[Problem to work on]
Return each line below holding the string "pour".

[Recorded data]
####################

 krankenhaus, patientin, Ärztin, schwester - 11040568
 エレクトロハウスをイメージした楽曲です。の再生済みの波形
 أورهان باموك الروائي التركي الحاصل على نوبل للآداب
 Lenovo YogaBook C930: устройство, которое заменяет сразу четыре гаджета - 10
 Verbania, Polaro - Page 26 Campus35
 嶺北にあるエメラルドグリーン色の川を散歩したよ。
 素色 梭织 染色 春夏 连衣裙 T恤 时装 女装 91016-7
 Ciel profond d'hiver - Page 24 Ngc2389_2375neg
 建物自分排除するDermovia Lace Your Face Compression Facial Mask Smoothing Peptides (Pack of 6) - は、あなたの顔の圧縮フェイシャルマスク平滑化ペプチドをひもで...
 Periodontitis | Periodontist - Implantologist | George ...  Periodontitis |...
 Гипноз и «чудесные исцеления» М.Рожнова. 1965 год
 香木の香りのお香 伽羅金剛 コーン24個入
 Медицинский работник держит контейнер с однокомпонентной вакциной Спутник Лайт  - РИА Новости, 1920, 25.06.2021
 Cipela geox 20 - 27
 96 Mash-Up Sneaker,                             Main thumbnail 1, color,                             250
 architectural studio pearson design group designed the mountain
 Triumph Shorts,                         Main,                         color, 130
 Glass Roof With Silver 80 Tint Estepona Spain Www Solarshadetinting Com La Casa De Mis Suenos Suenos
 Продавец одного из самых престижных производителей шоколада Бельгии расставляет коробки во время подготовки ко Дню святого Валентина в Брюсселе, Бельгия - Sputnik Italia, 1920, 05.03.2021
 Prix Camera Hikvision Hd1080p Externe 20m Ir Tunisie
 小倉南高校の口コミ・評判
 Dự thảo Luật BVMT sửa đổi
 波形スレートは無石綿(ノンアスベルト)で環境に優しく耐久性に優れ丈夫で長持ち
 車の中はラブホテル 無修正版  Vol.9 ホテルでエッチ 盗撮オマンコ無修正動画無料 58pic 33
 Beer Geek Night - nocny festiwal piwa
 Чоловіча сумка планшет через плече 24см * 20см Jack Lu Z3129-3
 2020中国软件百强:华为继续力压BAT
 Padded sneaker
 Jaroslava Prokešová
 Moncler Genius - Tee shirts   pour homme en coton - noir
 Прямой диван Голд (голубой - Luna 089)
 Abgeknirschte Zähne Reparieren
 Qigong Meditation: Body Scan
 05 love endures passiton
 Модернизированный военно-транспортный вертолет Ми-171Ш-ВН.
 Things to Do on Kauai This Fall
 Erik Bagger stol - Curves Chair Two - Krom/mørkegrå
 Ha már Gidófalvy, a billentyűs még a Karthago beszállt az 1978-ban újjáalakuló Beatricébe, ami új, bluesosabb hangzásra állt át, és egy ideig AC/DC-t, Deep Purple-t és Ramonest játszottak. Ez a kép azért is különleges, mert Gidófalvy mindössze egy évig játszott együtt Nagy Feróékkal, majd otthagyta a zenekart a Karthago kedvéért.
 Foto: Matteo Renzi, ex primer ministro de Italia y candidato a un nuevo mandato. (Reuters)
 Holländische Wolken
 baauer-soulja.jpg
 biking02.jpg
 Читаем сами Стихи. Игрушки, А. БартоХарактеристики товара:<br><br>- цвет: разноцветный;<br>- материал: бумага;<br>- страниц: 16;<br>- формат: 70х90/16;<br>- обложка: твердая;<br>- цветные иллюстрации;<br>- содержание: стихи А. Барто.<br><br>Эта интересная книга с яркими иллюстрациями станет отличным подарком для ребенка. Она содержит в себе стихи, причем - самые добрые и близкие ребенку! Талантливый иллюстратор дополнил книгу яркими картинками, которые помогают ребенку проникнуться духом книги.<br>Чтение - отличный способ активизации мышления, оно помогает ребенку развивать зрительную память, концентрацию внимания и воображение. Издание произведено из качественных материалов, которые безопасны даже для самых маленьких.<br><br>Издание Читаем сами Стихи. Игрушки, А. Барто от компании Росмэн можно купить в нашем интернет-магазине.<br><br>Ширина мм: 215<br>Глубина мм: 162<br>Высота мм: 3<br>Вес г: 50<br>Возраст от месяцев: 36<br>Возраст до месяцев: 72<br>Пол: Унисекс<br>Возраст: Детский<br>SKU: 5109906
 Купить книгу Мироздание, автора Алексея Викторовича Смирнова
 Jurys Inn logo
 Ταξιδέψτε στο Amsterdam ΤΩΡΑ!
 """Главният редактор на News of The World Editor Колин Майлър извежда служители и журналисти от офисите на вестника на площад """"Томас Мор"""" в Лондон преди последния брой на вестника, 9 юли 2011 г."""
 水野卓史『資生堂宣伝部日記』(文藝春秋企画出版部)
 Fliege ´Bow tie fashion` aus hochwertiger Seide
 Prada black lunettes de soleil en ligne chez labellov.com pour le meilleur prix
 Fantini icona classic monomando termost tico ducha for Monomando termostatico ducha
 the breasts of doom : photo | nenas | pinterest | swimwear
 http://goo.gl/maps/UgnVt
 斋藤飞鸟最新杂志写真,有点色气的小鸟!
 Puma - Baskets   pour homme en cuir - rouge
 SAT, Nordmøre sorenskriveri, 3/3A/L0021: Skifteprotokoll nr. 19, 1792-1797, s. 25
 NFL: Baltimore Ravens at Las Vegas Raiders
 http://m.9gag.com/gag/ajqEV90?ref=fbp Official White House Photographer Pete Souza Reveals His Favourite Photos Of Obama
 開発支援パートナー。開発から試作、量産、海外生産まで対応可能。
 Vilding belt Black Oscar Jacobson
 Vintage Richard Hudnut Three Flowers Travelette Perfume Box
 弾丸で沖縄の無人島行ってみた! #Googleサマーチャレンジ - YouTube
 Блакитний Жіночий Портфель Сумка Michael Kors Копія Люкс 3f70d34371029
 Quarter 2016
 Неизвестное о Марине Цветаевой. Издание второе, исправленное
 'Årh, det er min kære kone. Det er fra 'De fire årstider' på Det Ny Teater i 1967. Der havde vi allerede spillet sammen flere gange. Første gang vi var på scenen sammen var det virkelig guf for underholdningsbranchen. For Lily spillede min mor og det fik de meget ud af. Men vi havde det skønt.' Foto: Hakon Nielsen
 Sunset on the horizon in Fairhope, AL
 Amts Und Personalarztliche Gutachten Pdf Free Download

####################

[Completed task]
 Moncler Genius - Tee shirts   pour homme en coton - noir
 Prada black lunettes de soleil en ligne chez labellov.com pour le meilleur prix
 Puma - Baskets   pour homme en cuir - rouge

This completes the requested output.